De dónde viene nuestra fuerza

“Quizás sea tiempo de animarnos a hacernos esta pregunta y a mirar la historia de quienes nos precedieron de una manera más justa. De seguro seamos muchas quienes estemos oyendo el llamado para enraizar en este presente y a tomar conciencia que hoy somos también esas ancestras, con sus miedos, con sus ganas de desplegar la vida, con la aceptación de lo posible y con la rebeldía necesaria para cuestionar si podemos ser y hacer algo más. Enraizando en este presente, podemos reconocernos ahora como un punto de enlace entre ellas y las que vendrán. Como puentes y protagonistas, estamos resignificando el legado, transmitiendo y creando el propio, nuestro aporte único al clan”.

Escribí estos párrafos en el prólogo Ancestras mientras vivía mi propia historia de resignificación y honra. Las sincronías se siguen manifestando y en este día tan especial me toca compartir mi experiencia, para que otras quizás, también puedan reconocerse en ella, al igual que sucede con las historias que nos llegan a través de Vanesa.

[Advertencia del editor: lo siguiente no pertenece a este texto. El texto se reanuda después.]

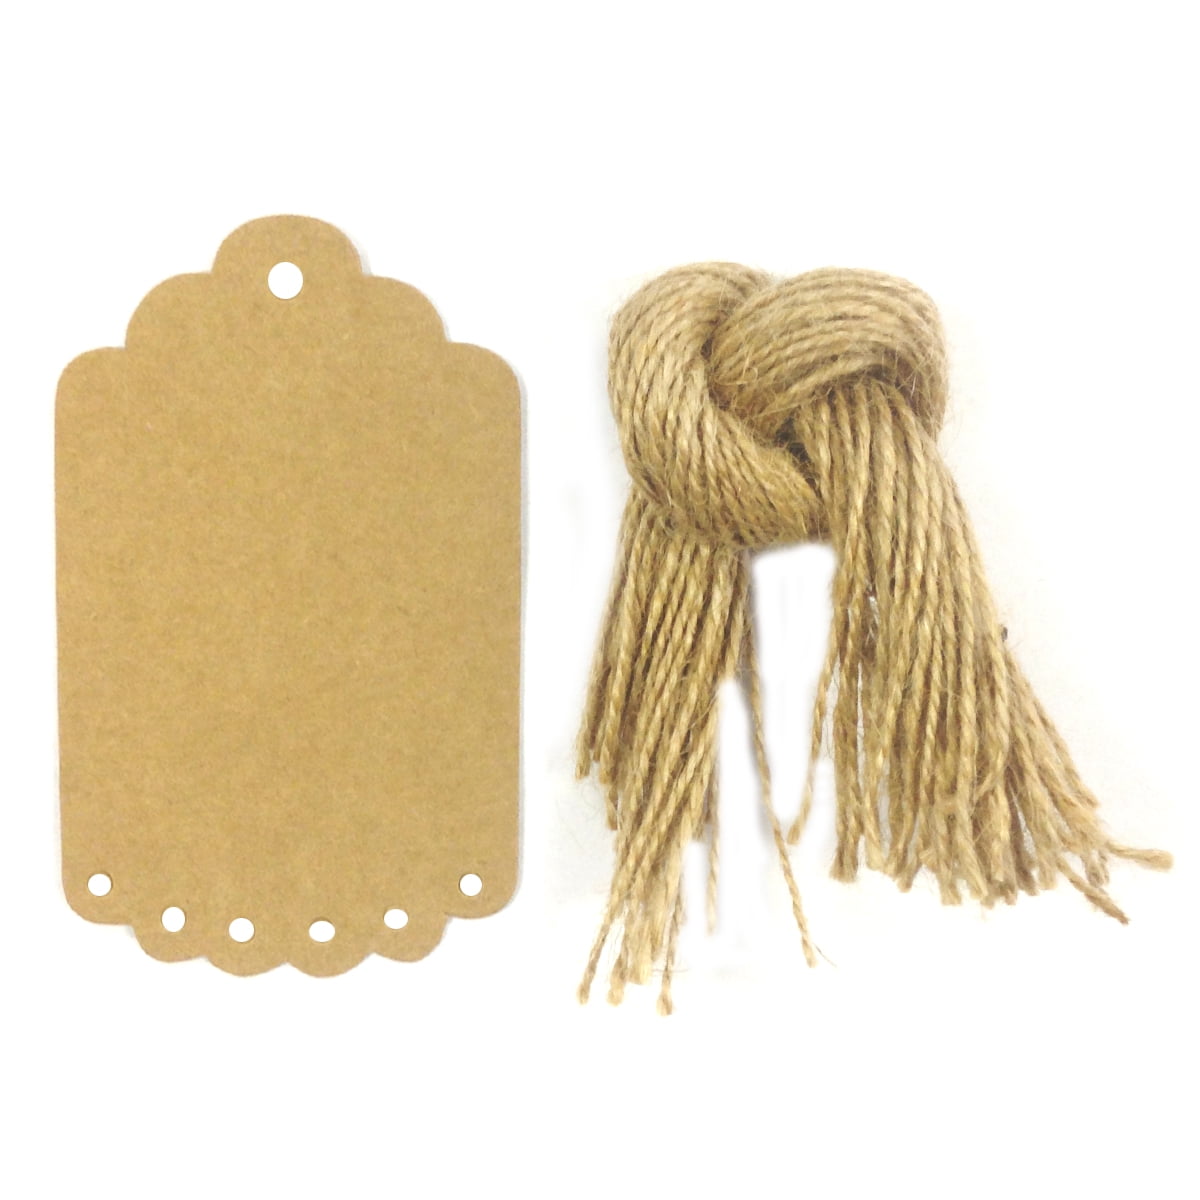 100pcs Gift Tags/Kraft Hang Tags with Free Cut Strings for Gifts Crafts

El paso de una es el paso de todas

“El paso de una es el paso de todas. Muchas de nosotras lo sabemos. Mientras Vanesa escribía este libro, a mí me ingresaban al sanatorio de urgencia. Tenía una infección grave en el ovario izquierdo que silenciosamente se había empezado a expandir por el resto del cuerpo. A pesar del dolor imposible, no había perdido la conciencia. Veía cómo los hechos se sucedían con obviedad para que no tuviese ni una duda. Cada detalle me refería a lo mismo. Llegué al sanatorio con el abrigo de mi abuela que pocas semanas atrás me había atrevido a modificar para que se entallara a mi cuerpo. Era el que estaba a mano, en la urgencia de correr a la guardia. Mi hija se había llevado el que solía usar. Protegida por su ropa, sabía que algo de todo esto tenía otro sentido. No me descompuse cualquier día. La mañana del sábado que ya no pude ponerme en pie a causa del dolor, era 4 de noviembre, el día de su cumpleaños. Durante la internación se sucedieron una y mil veces pequeños mensajes que me forzaban a aceptar que algo de lo que estaba pasando también era entre mi abuela y yo.

Necesitamos reconectar con nuestras ancestras y ellas necesitan reconectar con nosotras.  (Foto: Adobe Stock)
Necesitamos reconectar con nuestras ancestras y ellas necesitan reconectar con nosotras. (Foto: Adobe Stock)

Uno de esos días, mientras seguía internada esperando que la infección terminara de desaparecer me puse a hacer unos rezos. Nadie entró a la habitación en toda esa mañana, ni las enfermeras, ni mis visitas habituales. En un estado muy profundo de meditación, empecé a llorar desconsoladamente. Estaba en posición fetal, sin poder detener las lágrimas pesadas que caían sin parar y entonces escuché su voz. Sentí la presencia de mi abuela acercarse a mi cuerpo y su mano tocar mi ovario izquierdo. “¿Viste cuánto nos dolió? Algunos dirán que estaba muy medicada, otros que había entrado en un estado de conciencia alterada y quizás todo sea parte de la verdad. La convergencia de situaciones hizo que escuchara esa pregunta, inesperada, imposible de haber sido creada por mi mente. Me quedé dormida y cuando desperté empecé a sanar mucho más rápidamente. Al día siguiente, me dieron el alta. Cuando llegué a mi casa, mi pareja me abrazó muy fuerte y de la nada empezó a tararear en mi oído la canción de cuna de Brahms. Sostenida en él, las lágrimas empezaron a brotar nuevamente, como cuando el cuerpo nos llora solo. Lo que él cantaba como arrullo era la canción de cuna con la que mi abuela me había hecho dormir durante toda mi infancia. Lo sabía. Algo se había sanado y ella estaba agradecida.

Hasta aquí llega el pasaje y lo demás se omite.